■ What you should do
Line by line, set down all the data below exactly, omitting any picture.

━━ Recorded data ━━

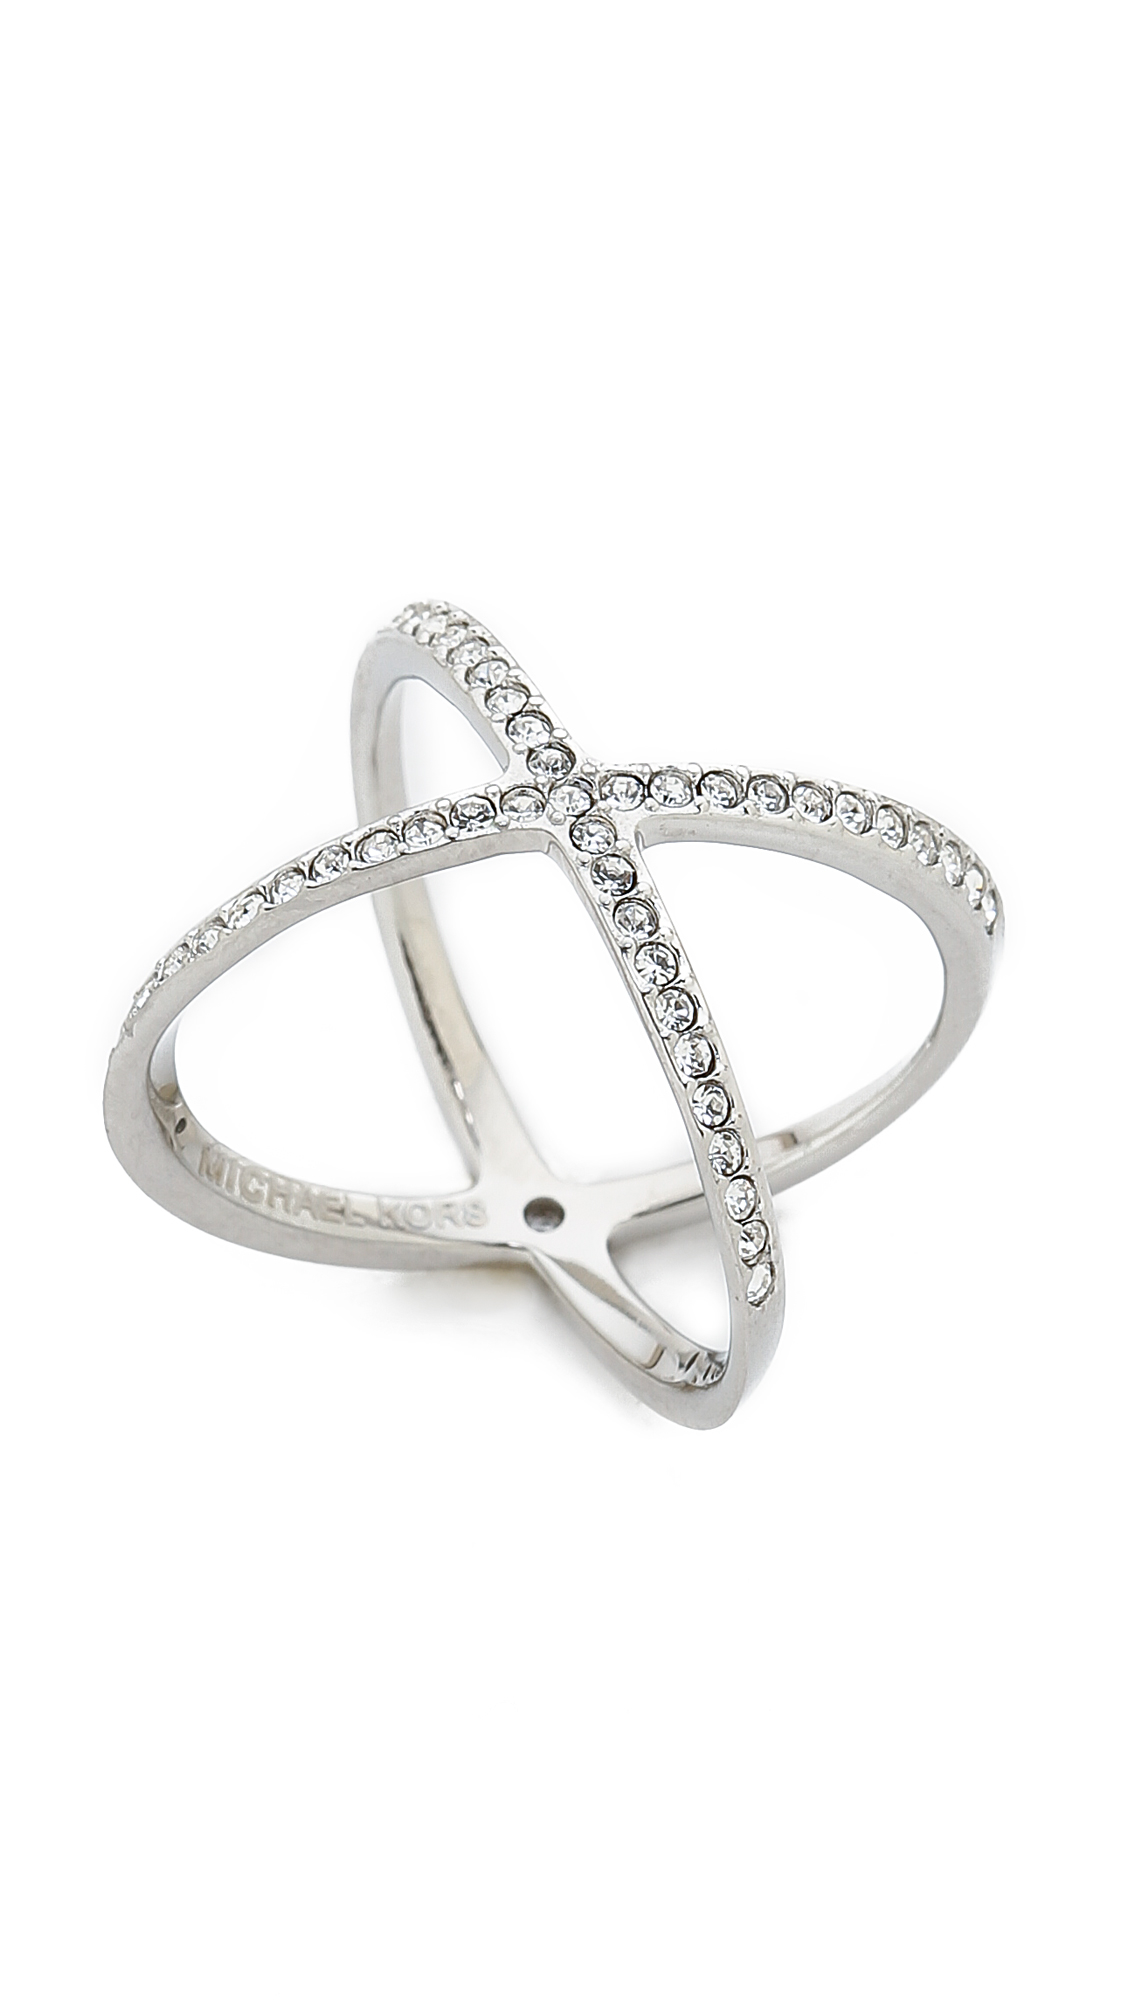 Michael Kors Pave X Ring - Silver/Clear in Metallic | Lyst
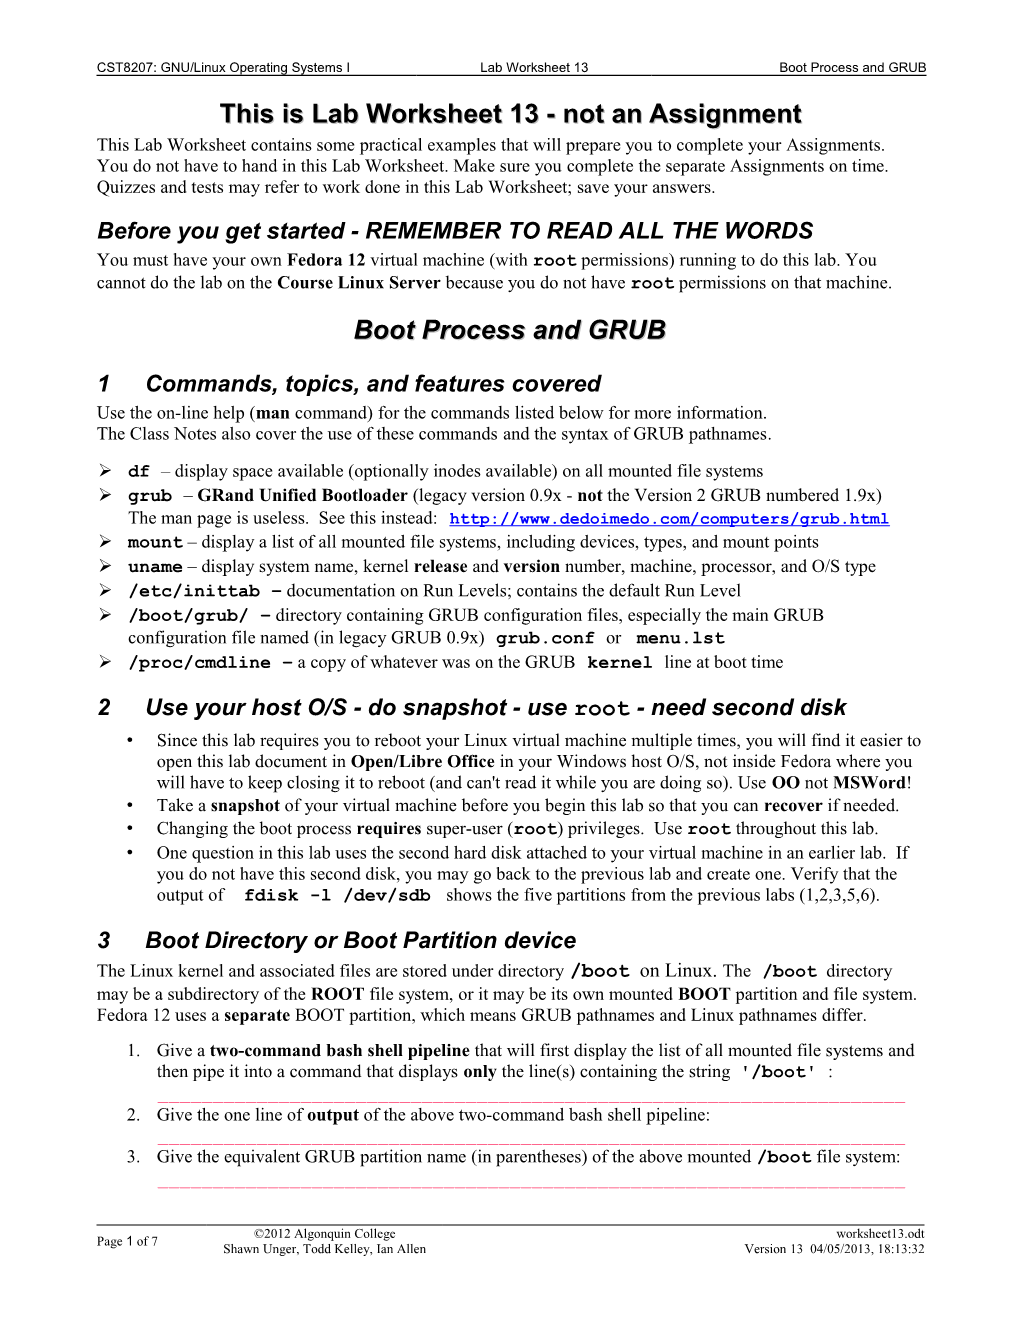 Lab Worksheet 13 Boot Process and GRUB
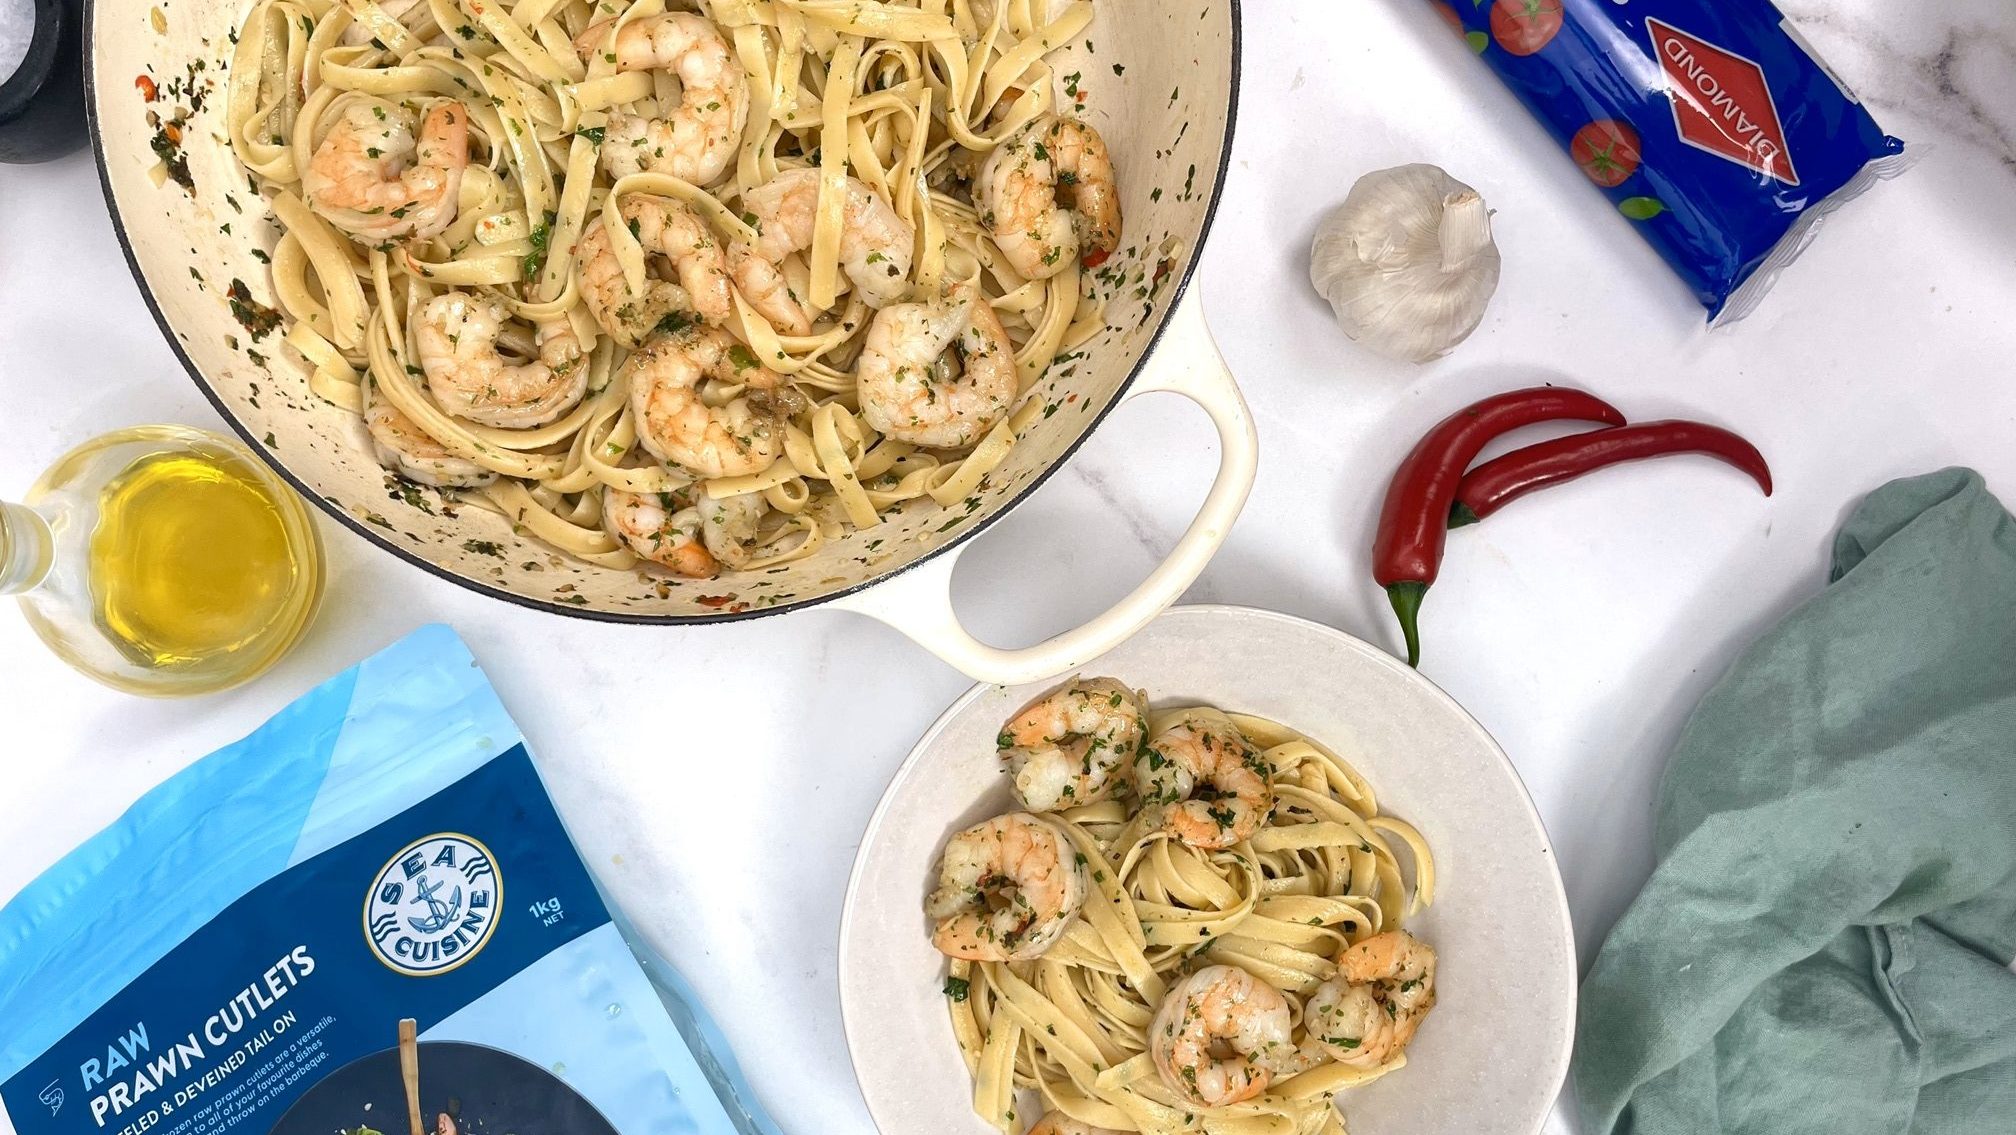 A pot and a plate of pasta with prawns and packs of prawns and pats by sides.

━━━

■ Reply to the task
 Michael Kors Pave X Ring - Silver/Clear in Metallic | Lyst
 Lab Worksheet 13 Boot Process and GRUB
 A pot and a plate of pasta with prawns and packs of prawns and pats by sides.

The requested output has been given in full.